#### [PROBLEM REQUIREMENTS]
Everything in the listing below must be reproduced exactly, apart from its images.

#### [SUPPLIED INFORMATION]
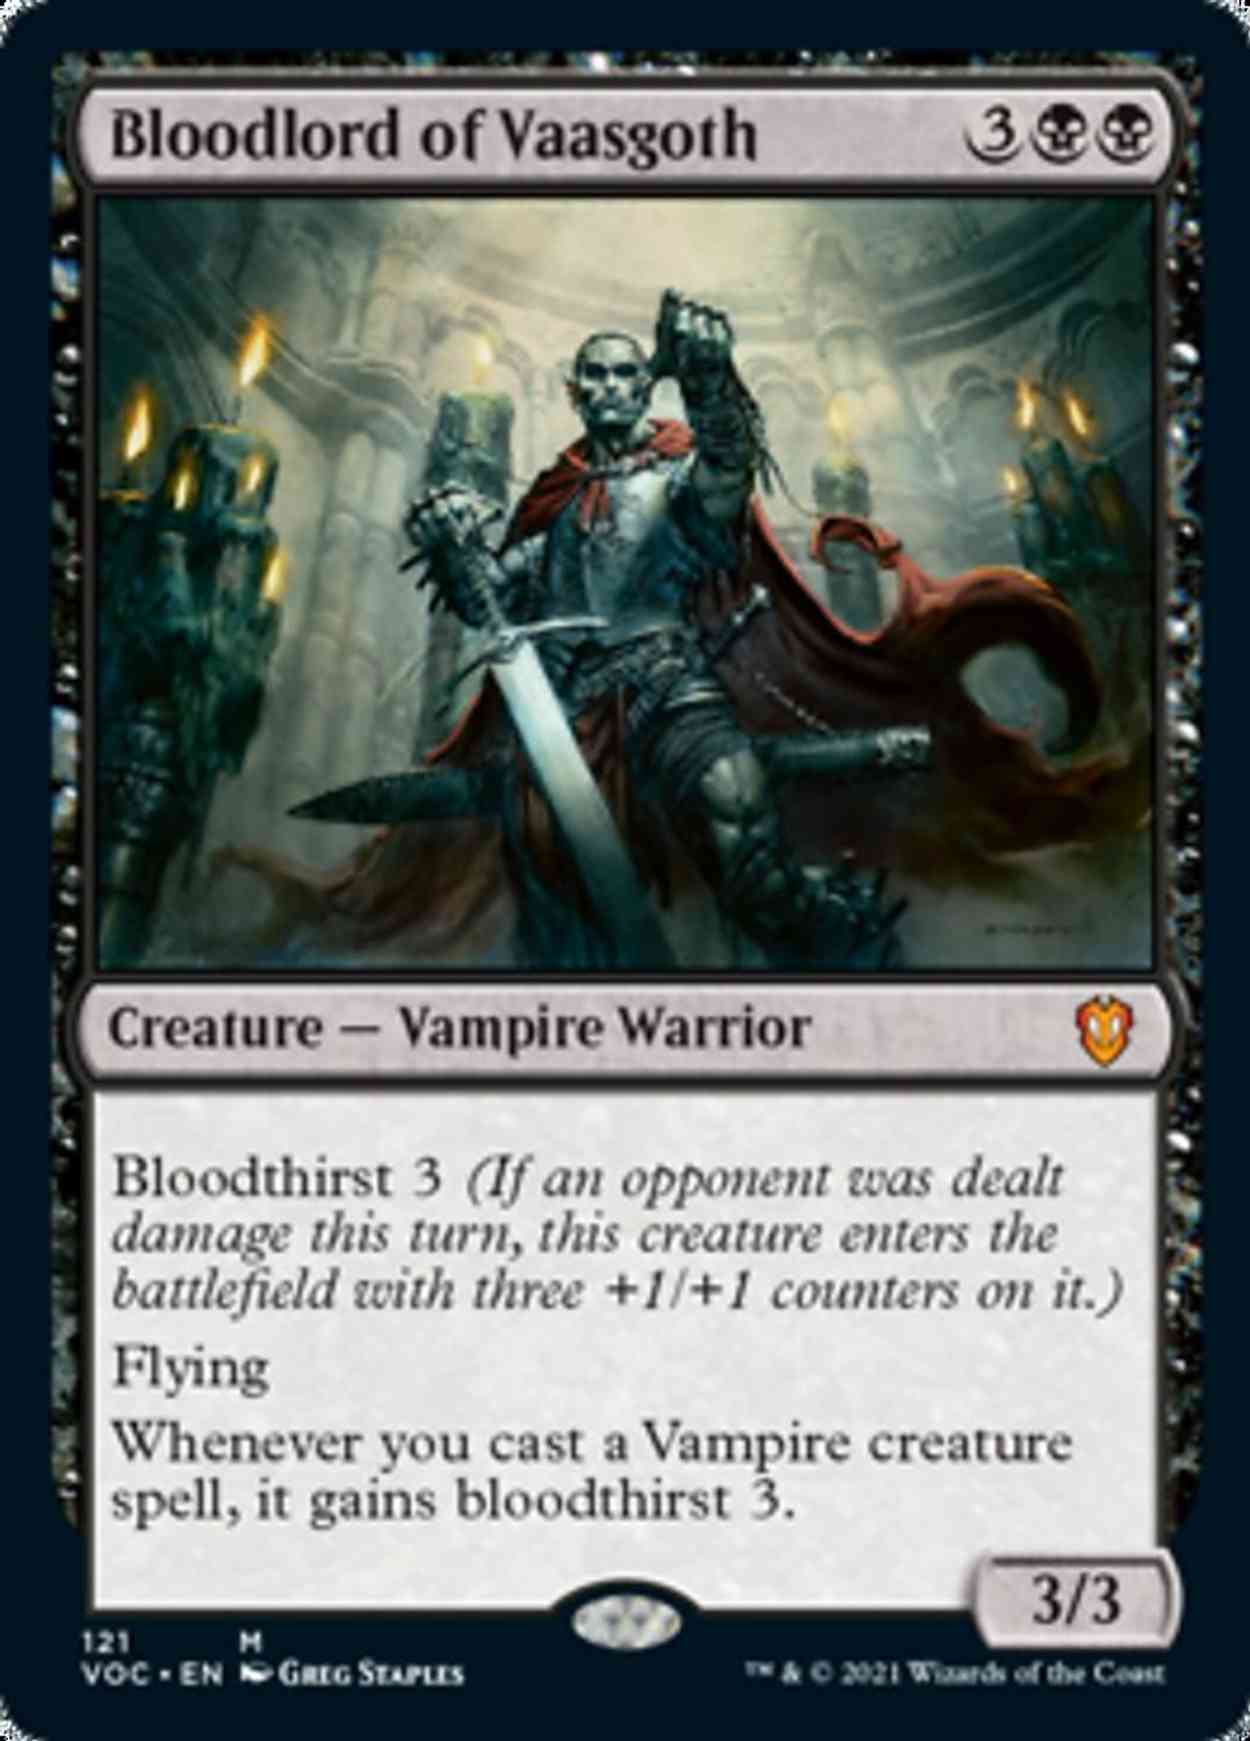 Bloodlord of Vaasgoth magic card front
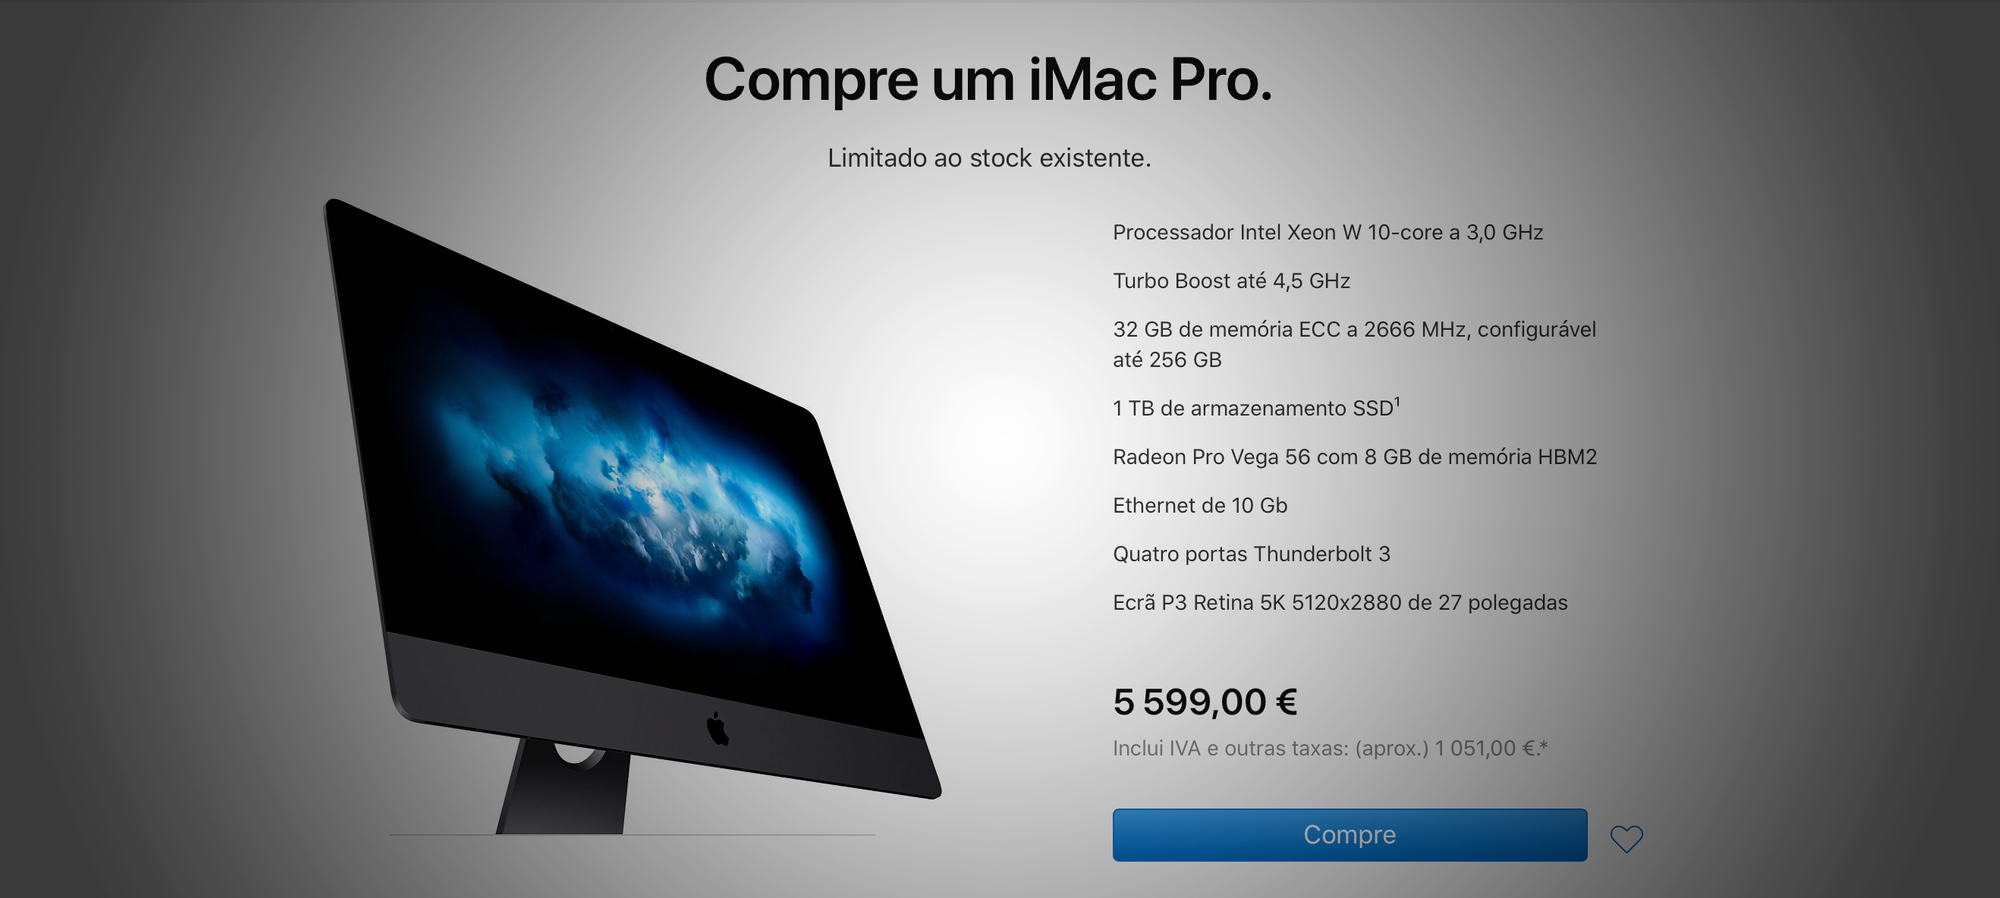 "Limitado ao Stock existente": iMac Pro descontinuado
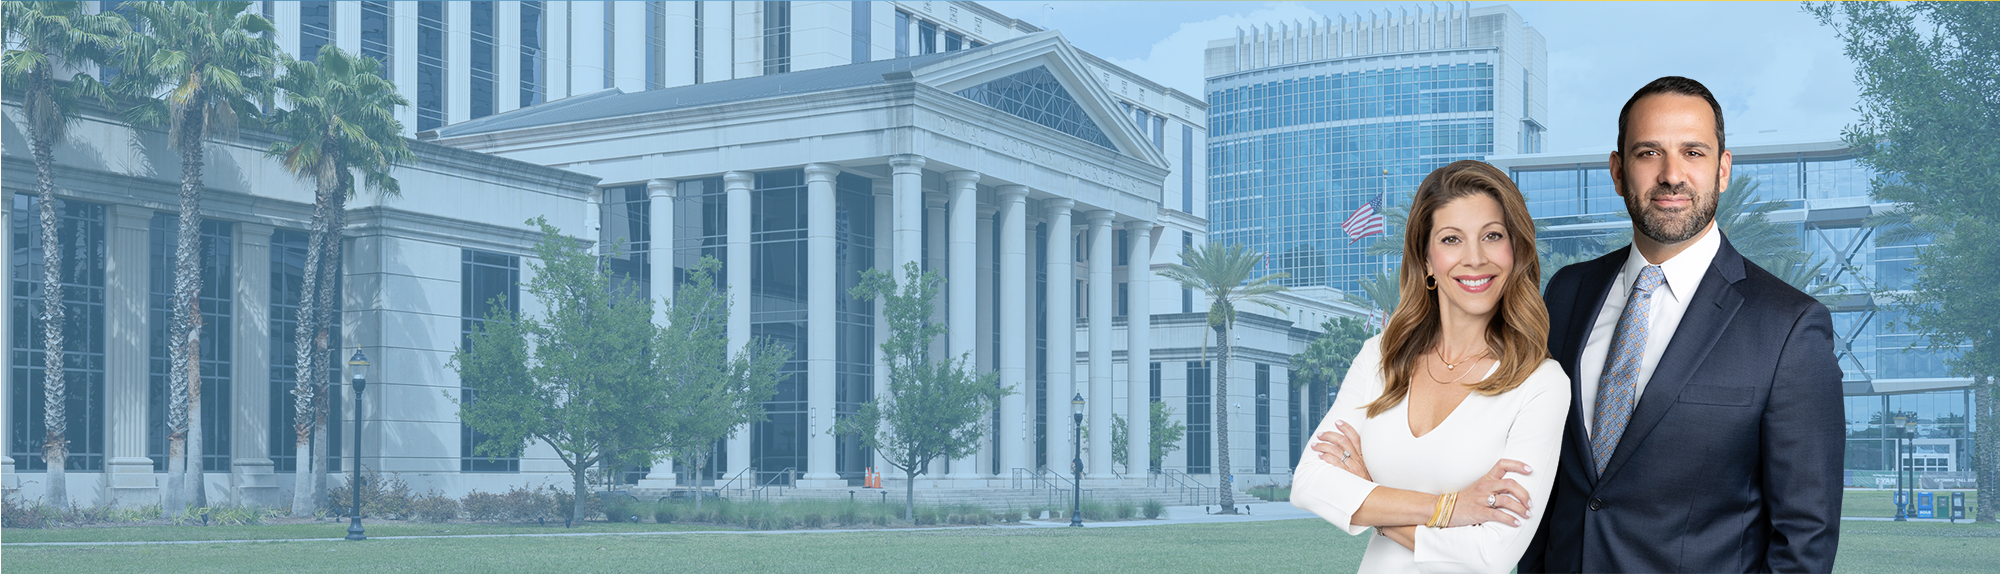 Baggett Law Personal Injury Lawyers - Law Firm in Jacksonville, FL

#### [EXERCISE SOLUTION]
 Bloodlord of Vaasgoth magic card front
 "Limitado ao Stock existente": iMac Pro descontinuado
 Baggett Law Personal Injury Lawyers - Law Firm in Jacksonville, FL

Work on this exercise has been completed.